Dive Brief:
- Staff at the Public Utility Commission of Texas say regulators should reject Ray Hunt's plan to purchase Oncor out of bankruptcy and turn the utility into a real estate investment trust, the Fort Worth Star-Telegram reports.
- The plan, which would help avoid federal income taxes involved in the deal, would move $250 million each year from ratepayers to shareholders, a staffer wrote.
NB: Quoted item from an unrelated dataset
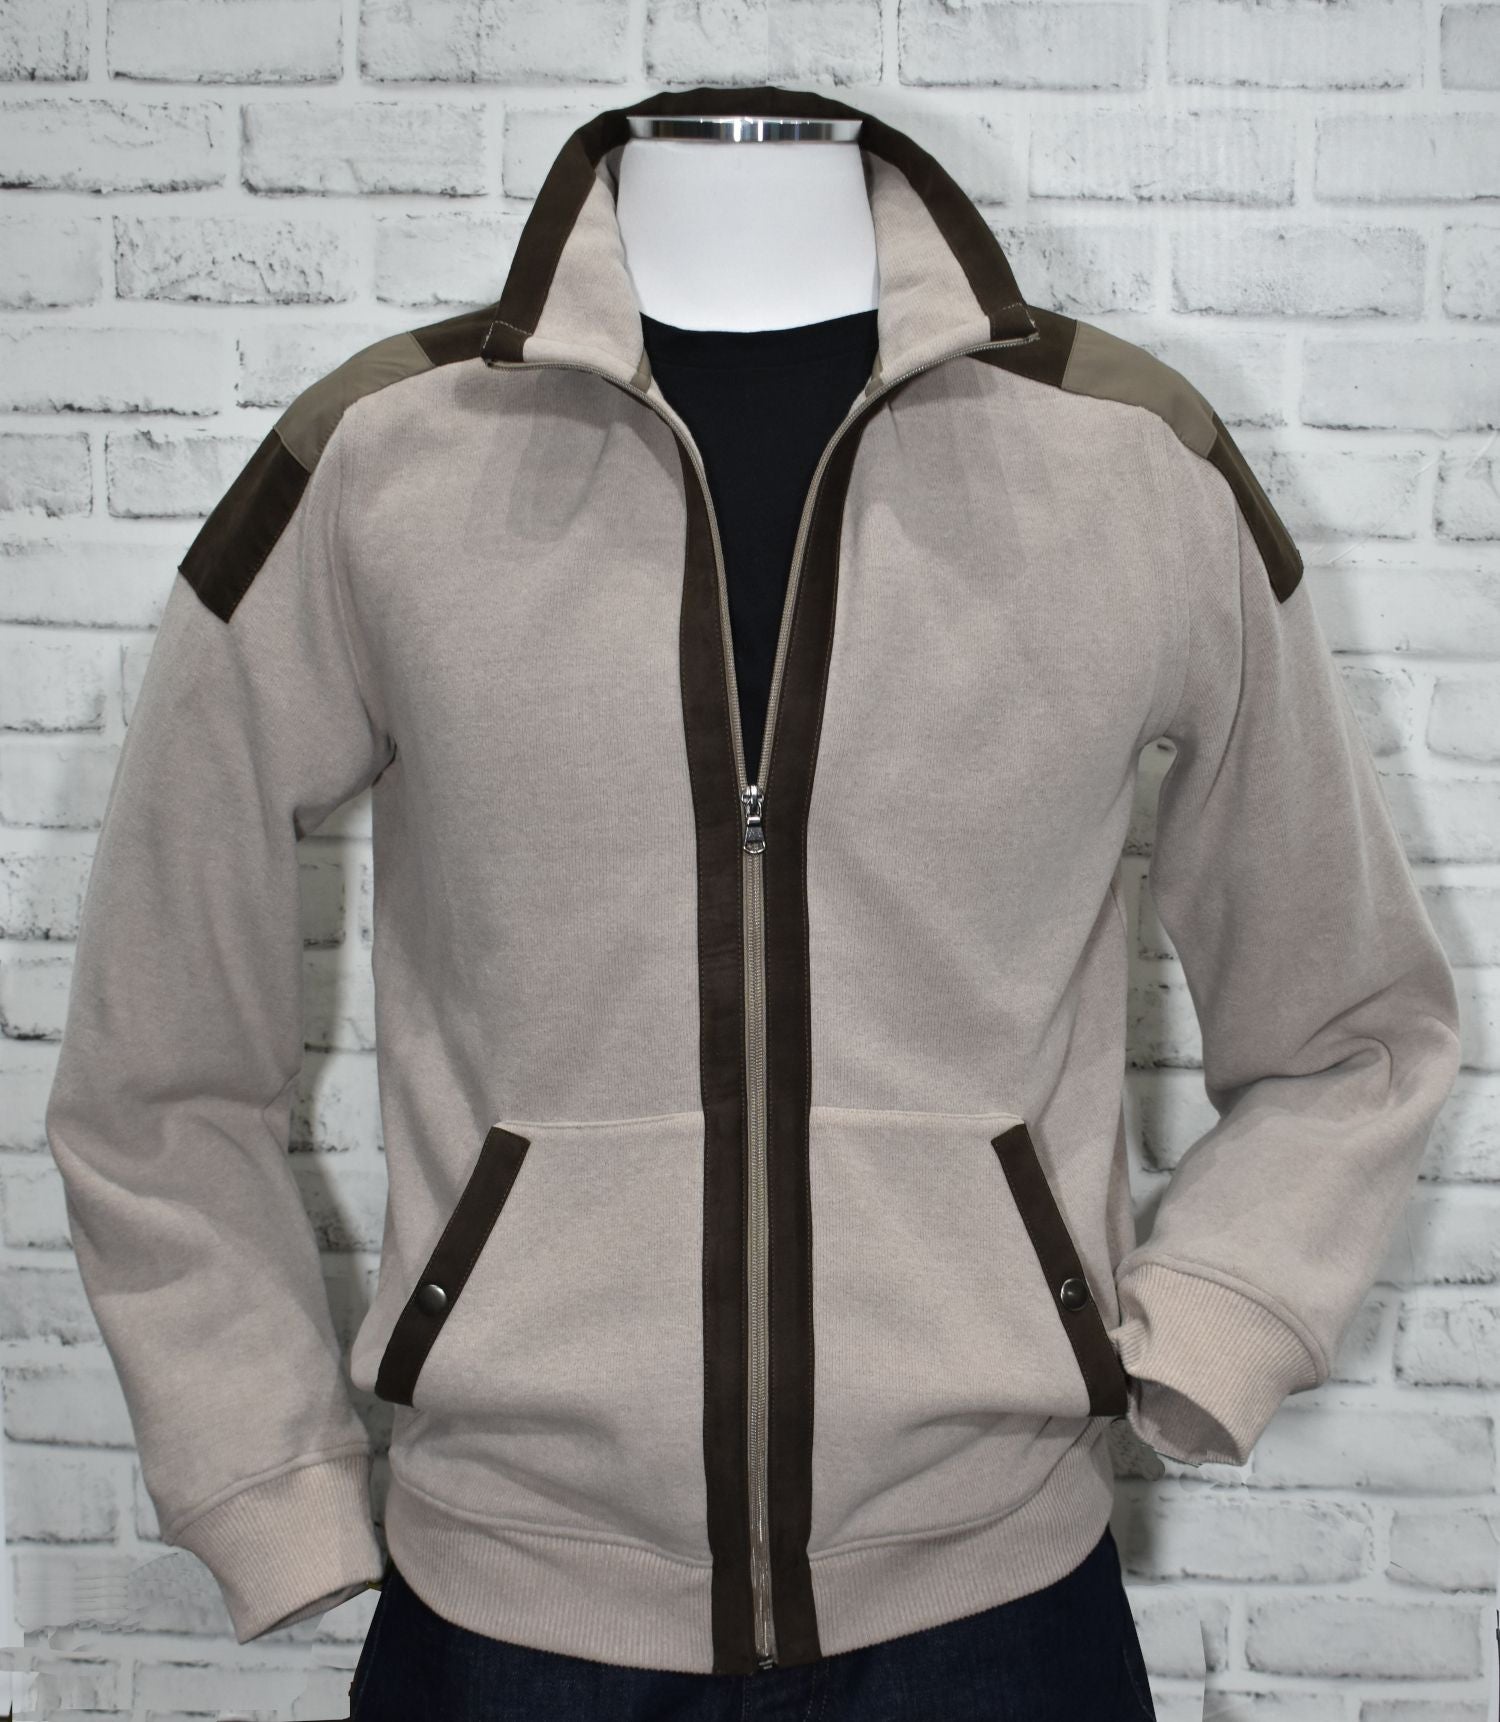 Unmistakably stylish, the Espana Leisure Jacket is crafted from a luxuriously comfortable poly cotton fabric, with a modern fit perfect for a slim to medium build. The jacket is finished off with classic pockets and chocolate and tan alcantara suede trim, for a sleek, sophisticated look. Cool comfort at its finest.

- As part of the plan to pull Energy Futures Holding out of bankruptcy, a group of creditors wants to split the company into two halves, with Hunt Consolidated leading a group of creditors which will own regulated transmission and distribution utility Oncor, and another group taking over the struggling power generation assets.
Dive Insight:
Last week, regulatory staff in Texas recommended rejection of Hunt Consolidated's plan to purchase and restructure Oncor, throwing another complication into the saga to find a buyer for the prized asset of Energy Future Holdings, a utility holding company now working its way through a bankruptcy trial.
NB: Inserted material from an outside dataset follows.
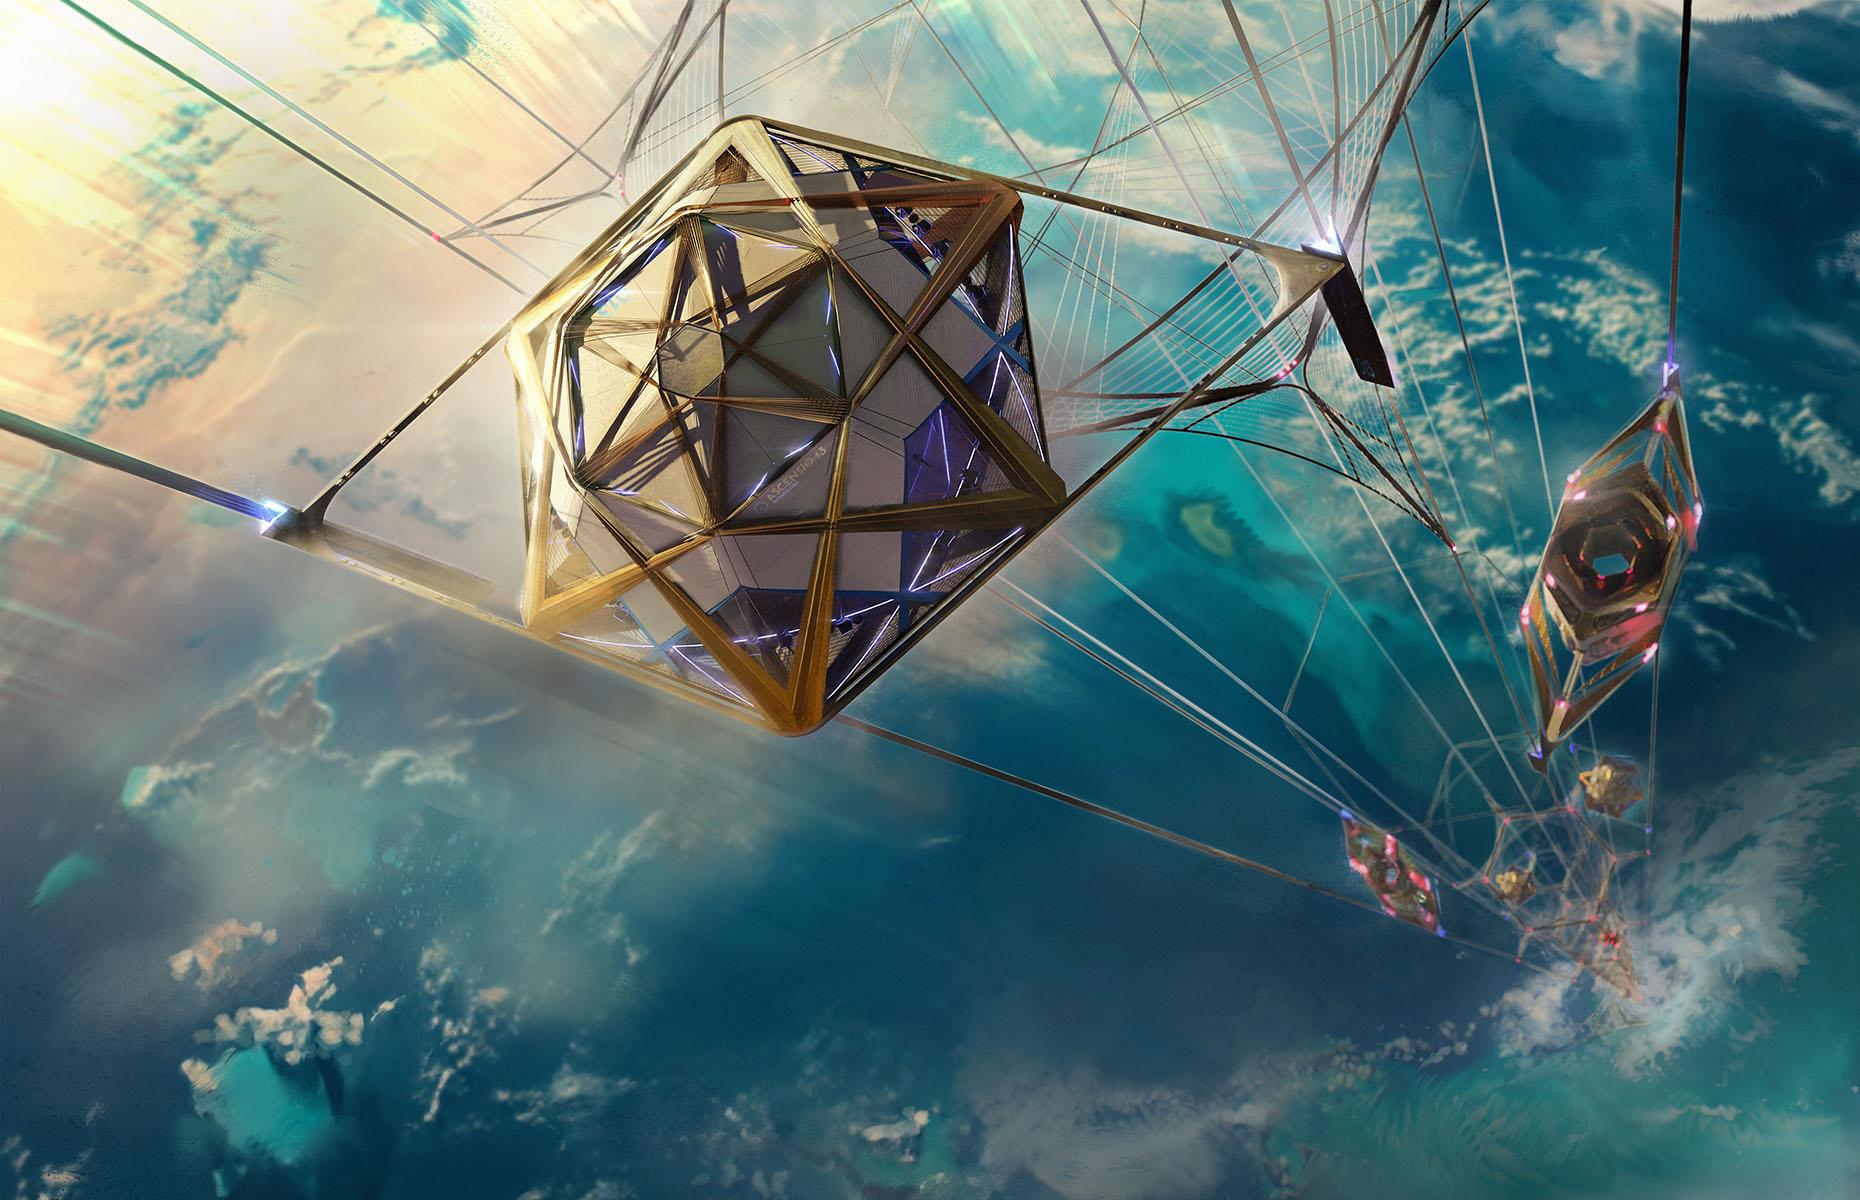 <p>British architect Jordan William Hughes won the 2023 Jacques Rougerie International prize for this incredible design for an elevator that could seriously simplify space travel. Using existing research by engineers and physicists, Hughes' design would create a tether between an ocean-based 'spaceport' and a captured asteroid in geostationary orbit, according to <em>Dezeen</em>. People and cargo could then shuttle between the two in small drones as an alternative to rockets, which Hughes believes are inefficient and environmentally damaging.</p>

Darryl Tietjen, director of the Rate Regulation Division at the Public Utility Commission of Texas, has told PUC regulators that the deal will move millions from ratepayers to shareholders, and has recommended the state reject the deal.
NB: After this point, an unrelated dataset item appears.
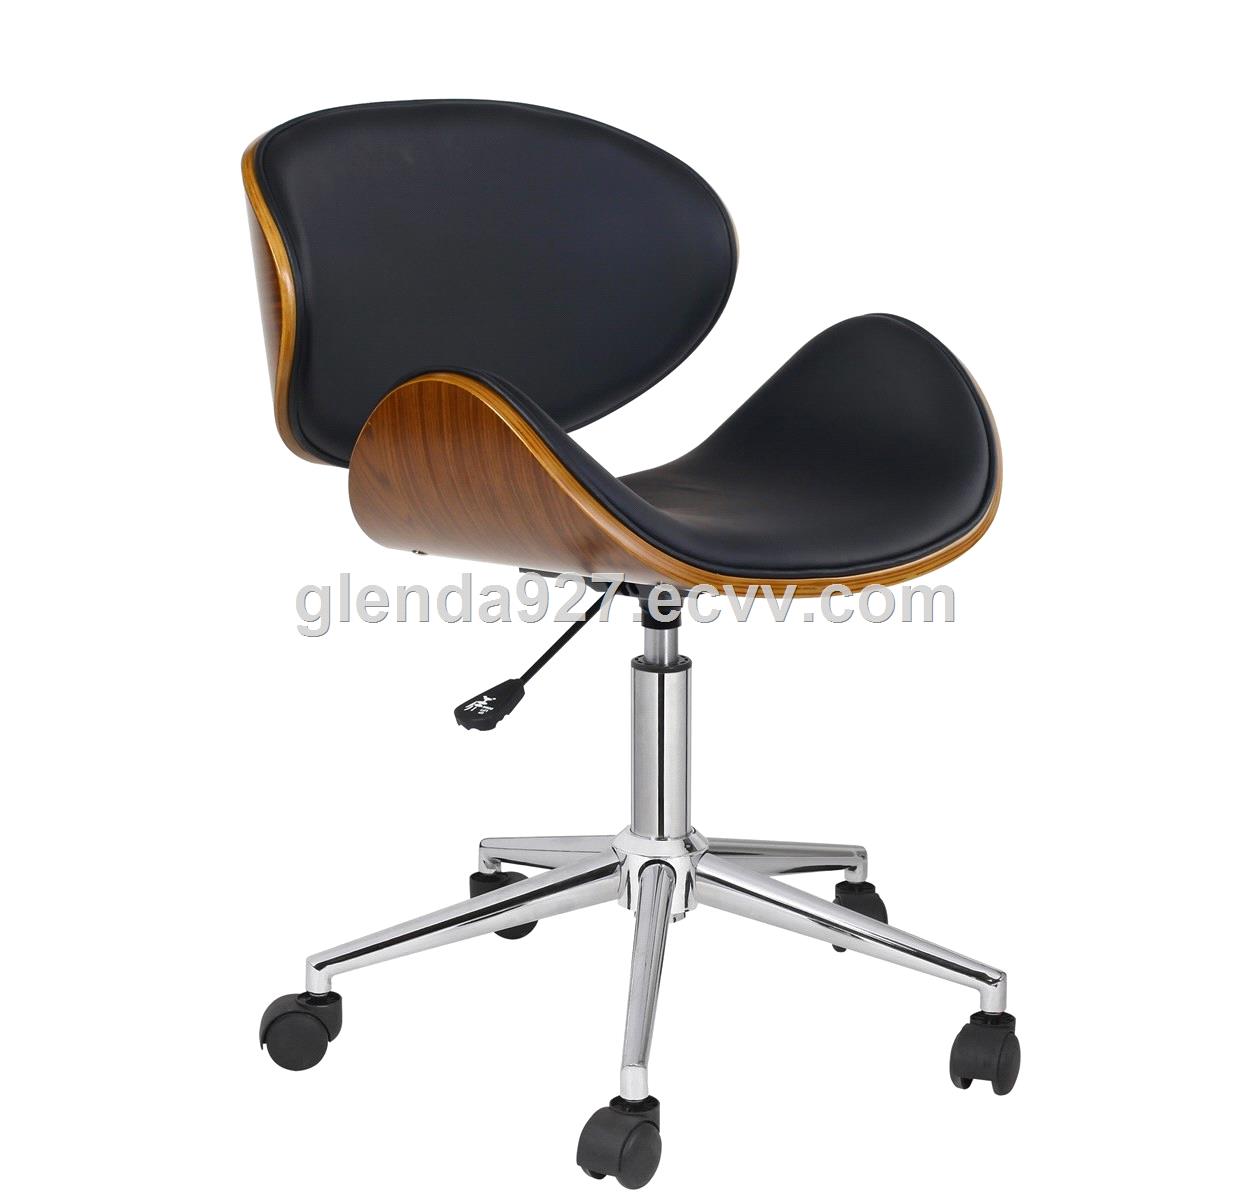 luxury bentwood leather executive office furniture office chair

“The proposed transaction is not in the public interest and I recommend that the Commission reject the applicants’ application,” Tietjen wrote in testimony filed last week. He said the deal would involve a “substantial transfer of wealth from ratepayers to shareholders," to the tune of $250 million annually.
The testimony of the regulatory staff is only a recommendation to regulators — not a final decision. The commissioners themselves must still approve the deal and have set hearings for January 2016.
A bankruptcy judge has approved the plan to turn Oncor into a real estate investment trust, a structure the Fort Worth Star-Telegram reports is more common for shopping malls than enormous electric utilities. It would be the first time a utility of Oncor's size has attempted to operate under the structure.
But the proposal is still in front of a Delaware bankruptcy court, which is now focused on how fairly the proposal will treat creditors. Earlier this month, a Delaware federal judge approved the EFH's restructuring plan, though skeptics are skeptical that the deal will succeed. To further complicate matters, NextEra made a bid to acquire Oncor last month as an alternative to Hunt Consolidated's proposal.
Under the proposal, Hunt said the first lien creditors of Texas Competitive Electric Holdings Company (TCEH), the merchant energy subsidiary of EFH, will receive TCEH's assets in a tax-free spinoff. That portion of the deal will satisfy approximately $25 billion in claims. Following that, the consortium would acquire EFH and its 80% ownership stake in Oncor and EFH's prized asset.
The newly restructured REIT will be owned by the consortium and managed by Hunt, the company said, and will lease the transmission and distribution assets to Oncor, who will operate the system on the REIT's behalf. An operating company will be created and will keep the Oncor name, with its headquarters remaining in Dallas.